Building for the Nigeria
Nonetheless, Oyemade has big plans regarding NeoformAI and what it can do for Nigerians at home and abroad. “Mark’s not going to build for us. Satya is not going to build for us. And even if they do, they lack the local nuance that would make it fit into our context. The easiest example is using the translate button in any social media app; it tries, but some translations just make you shake your head as a native speaker.”
But for Oyemade, the goal is deeper than just translation. Neoform is building a full-stack language AI for Africa: a suite of tools that spans speech-to-text, text-to-speech, and translation, all designed to work on low-end phones and weak internet connections, staples of a majority of African internet users.
Their strategy is to serve a market that global giants often ignore. While they compete with the speech APIs of Google, Microsoft and OpenAI, Neoform’s edge is a day one focus on 22+ Nigerian languages, with models that have been fine-tuned on dialect-first data from native speakers, a nuance that large-scale, generic models consistently miss.
The market strategy is twofold.
For developers and businesses, this is a B2B play: they are fine-tuning open models like Google’s Gemma with data and then offering them to African enterprises via API. Their target customers are banks, call centers, e-commerce platforms and EdTech companies – anyone who needs to communicate accurately with a local customer base. Revenue will come from pay-as-you-go usage fees (e.g., per minute of speech transcribed), enterprise plans with service-level agreements SLAs), and custom development work.
For consumers, the plan is direct apps, inspired by platforms like Duolingo, to teach and service languages directly, operating on a freemium-to-subscription model.
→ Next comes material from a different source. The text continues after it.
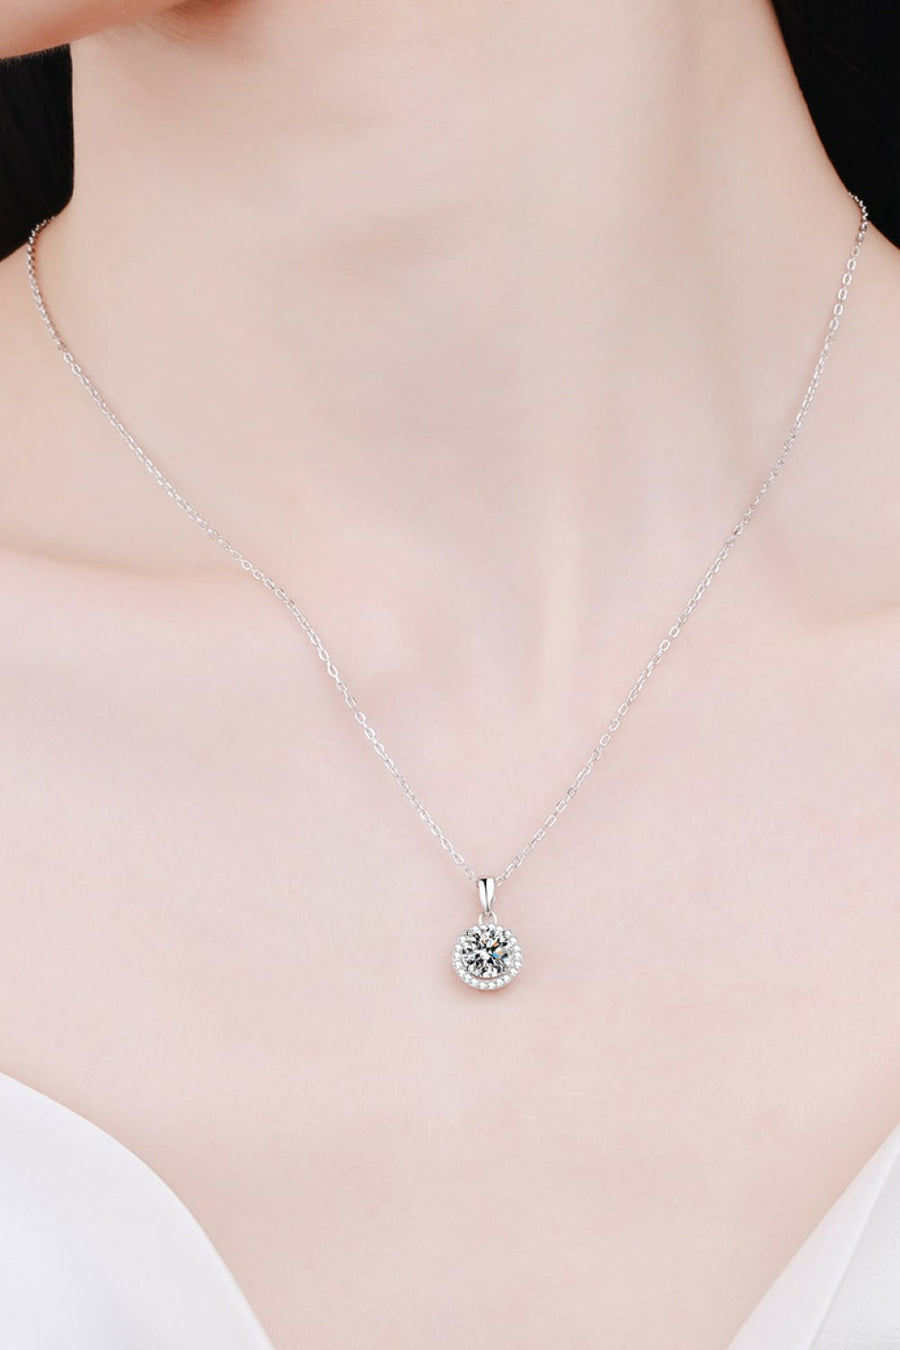 1# BEST Diamond Necklace, Earrings, Bracelet Jewelry Bundle Set Gift for Women | #1 Best Most Top Trendy Trending Round Diamond Necklace, Earrings, Bracelet Jewelry Gift for Women, Mother, Wife, Daughter, Ladies | MASON New York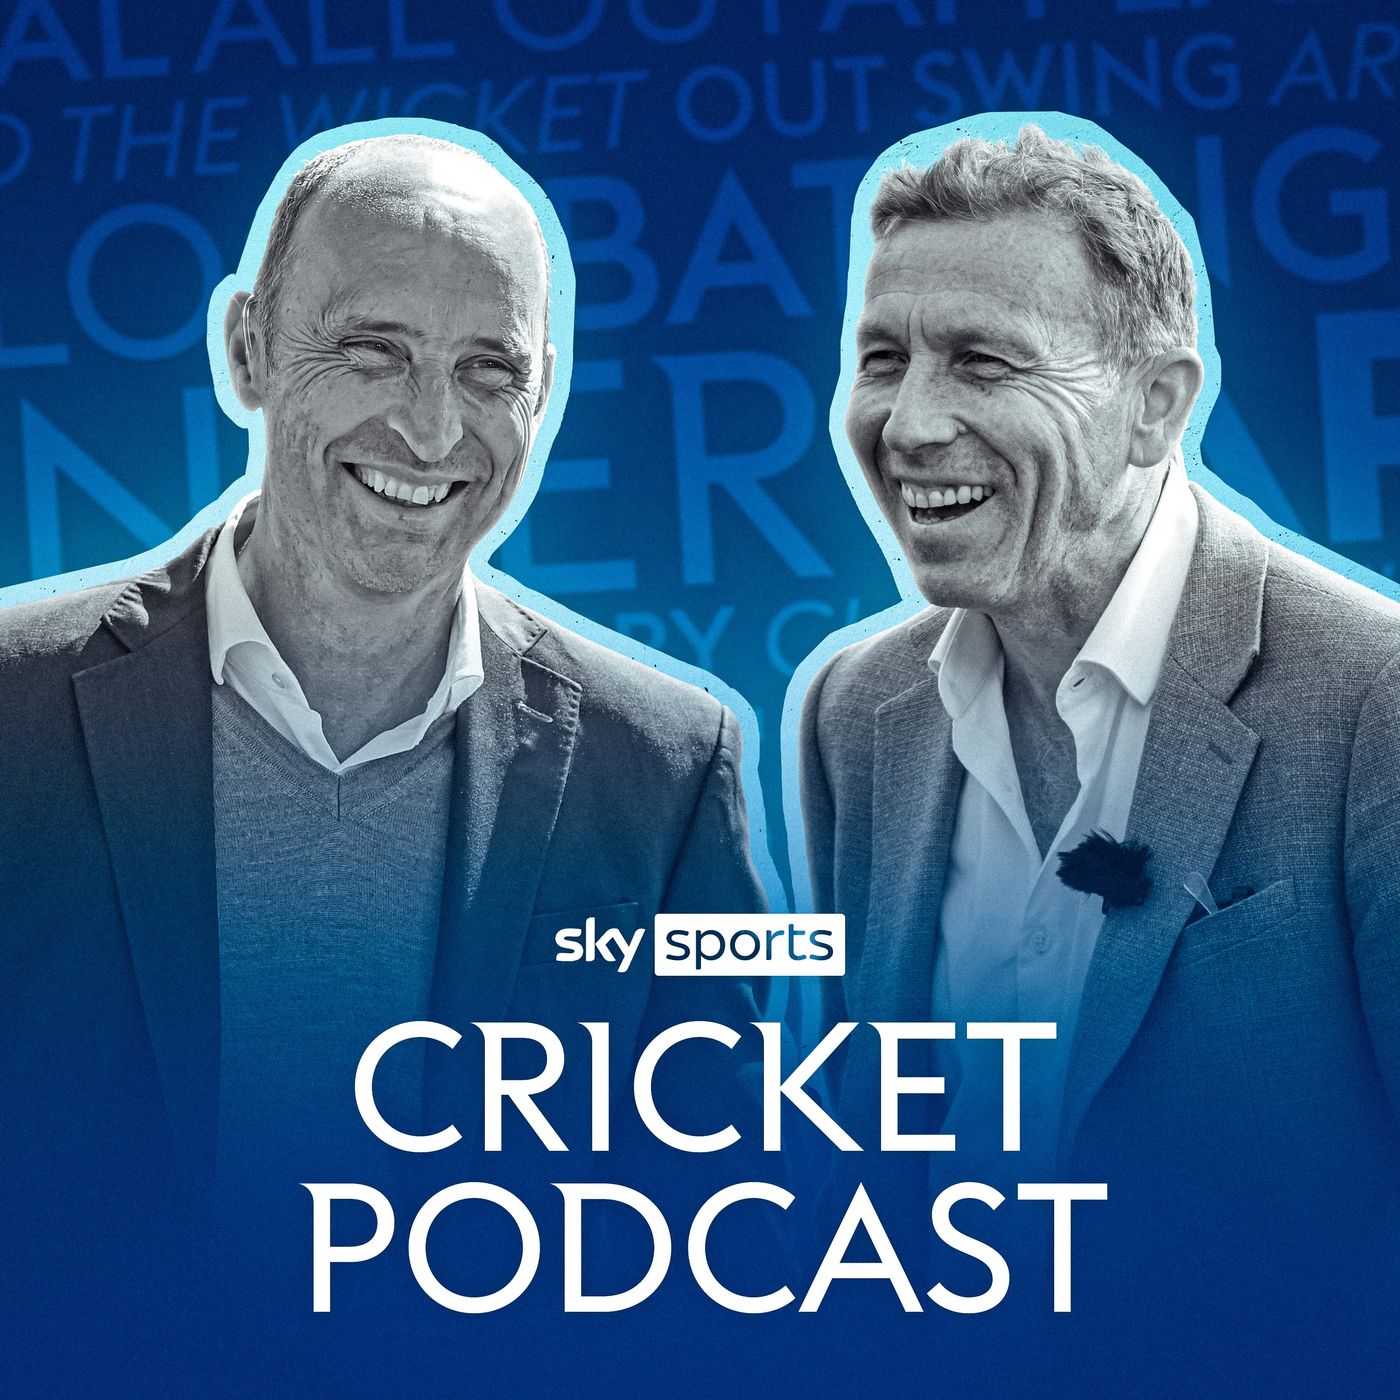 Sky Sports Cricket Podcast:Sky Sports

Across the world, in ethnodiverse countries such as Nigeria, tools like Neoform are cropping up to address the dearth of indigenous language representation in popular language models.
“There’s a company in India doing the same thing, translating English to local Indian languages,” he says referring to ‘Anuvadini’, an AI-powered translation tool specifically for Indian languages, that was commissioned by the All India Council for Technical Education (AICTE), showing how the government can help push the adoption of technology for a greater good.
Regulations are a different matter, “We actually have to build it before we have regulations, no? That’s not to say that we do not need regulations, but I think for regulations that truly fit what AI in Nigeria could become, we actually need to have AI in Nigeria.”
Over the next couple of years, Oyemade wants his work with Neoform to bridge the gaps in technology for people on the other side of the divide. But for now, it’s just day one. If the Tower of Babel divided humanity, could Oyemade’s AI finally reunite it—one Nigerian language at a time?